Ten kilometres south of Colombo Fort, the leafy beachside suburb of Mount Lavinia is bounded by the small headland that is one of the few punctuating features on the coastline near the capital. The area supposedly takes its name from a certain Lavinia, the lady friend of British Governor Sir Thomas Maitland, who himself established a residence here in 1806.

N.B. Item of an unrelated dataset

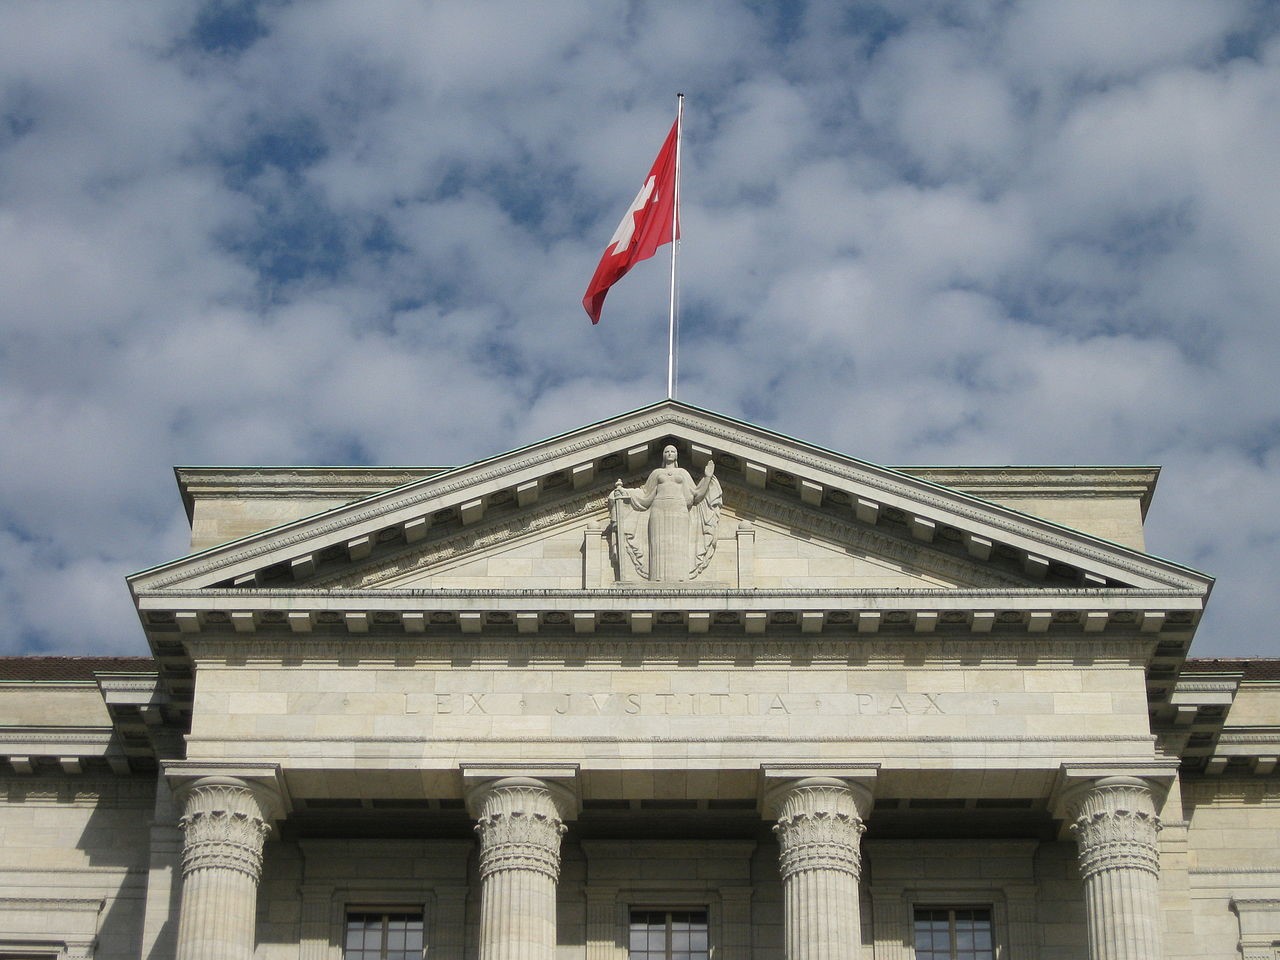 Switzerland has decided to uphold a ban on access to offshore gambling sites

Maitland’s residence was subsequently expanded by successive governors before being turned into the Mount Lavinia Hotel, now one of the most venerable colonial landmarks in Sri Lanka and the main reason most foreign visitors come here. Even if you can’t afford to stay at the hotel, there are a few other pleasant small-scale guesthouses nearby, and the suburb’s proximity to the international airport makes it a handy first or last stop on a tour of the island Mount Lavinia is also home to Colombo’s closest decent beach, and on Sunday afternoons half the city seems to come here to splash around in the water, play cricket .

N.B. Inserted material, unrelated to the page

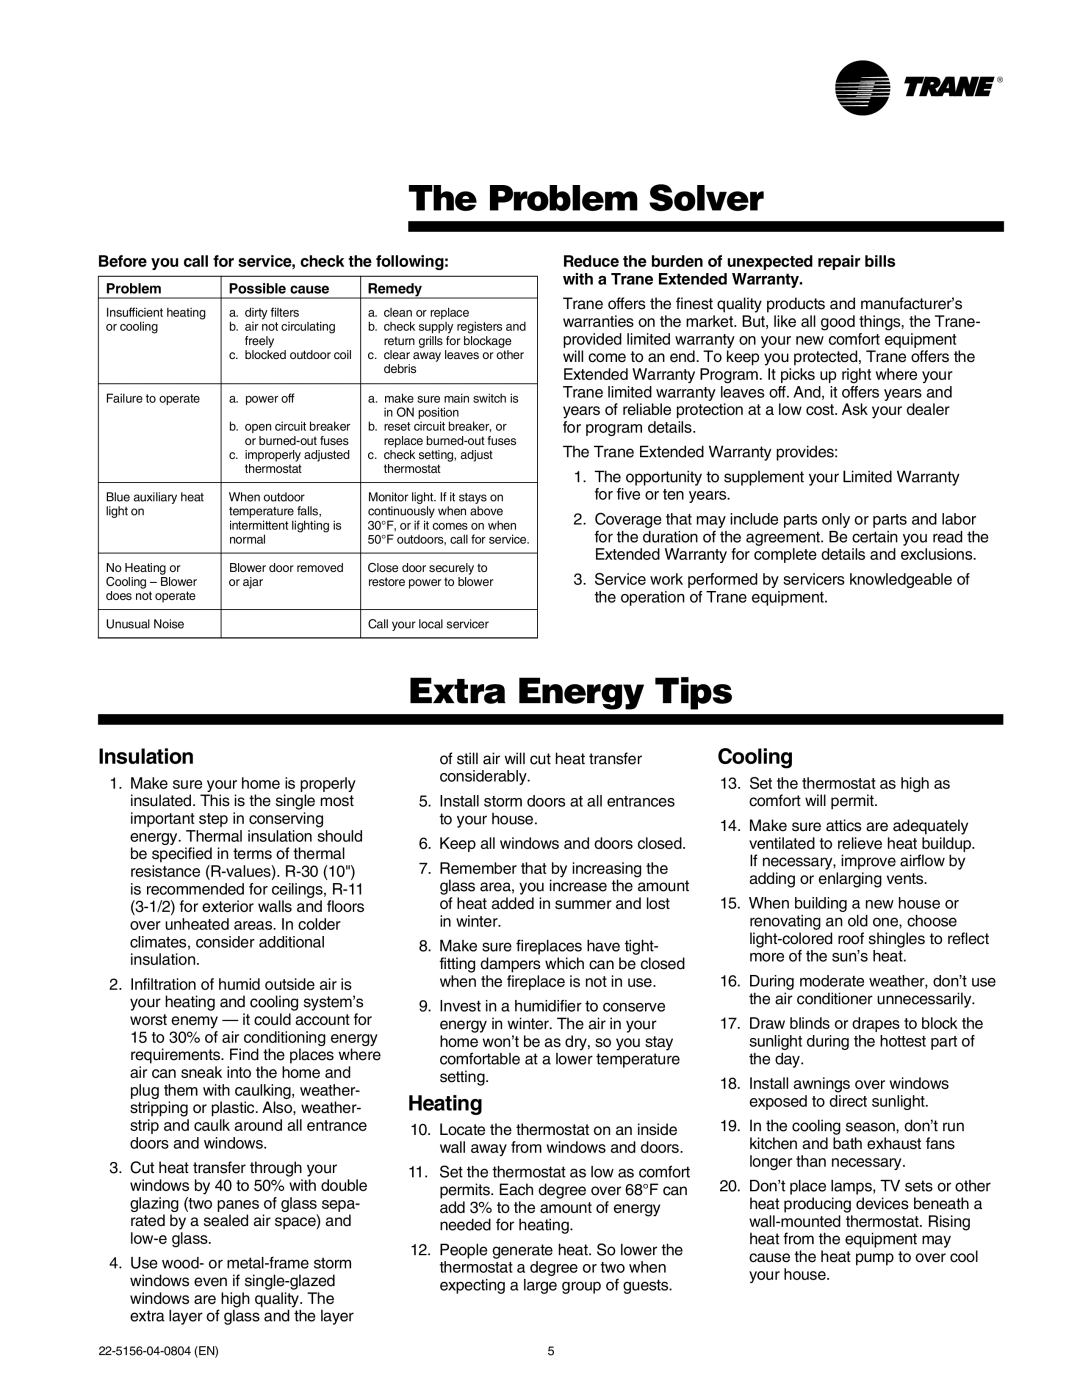 Trane 22-5156-04-0804 manual The Problem Solver, Extra Energy Tips, Insulation, Heating, Cooling

The proximity of the city means It’s not an idyllic tropical seashore for swimming, but does have a decent stretch of sand and a certain scruffy charm, especially at night, with the lights of the towers in central Colombo twinkling away to the north, and the more modest illuminations of the Mount Lavinia Hotel framing the beach to the south.
Mount Lavinia has a good spread of places to eat, some of them quite swish. Both the beach and the Mount Lavinia Hotel are attractive spots for an evening meal, although it’s a bit of a trek down the Galle Road unless you’re staying in one of the southern suburbs. Plenty of taxi and tuktuk drivers hang out around the hotel until late at night, so you won’t have any problems getting home.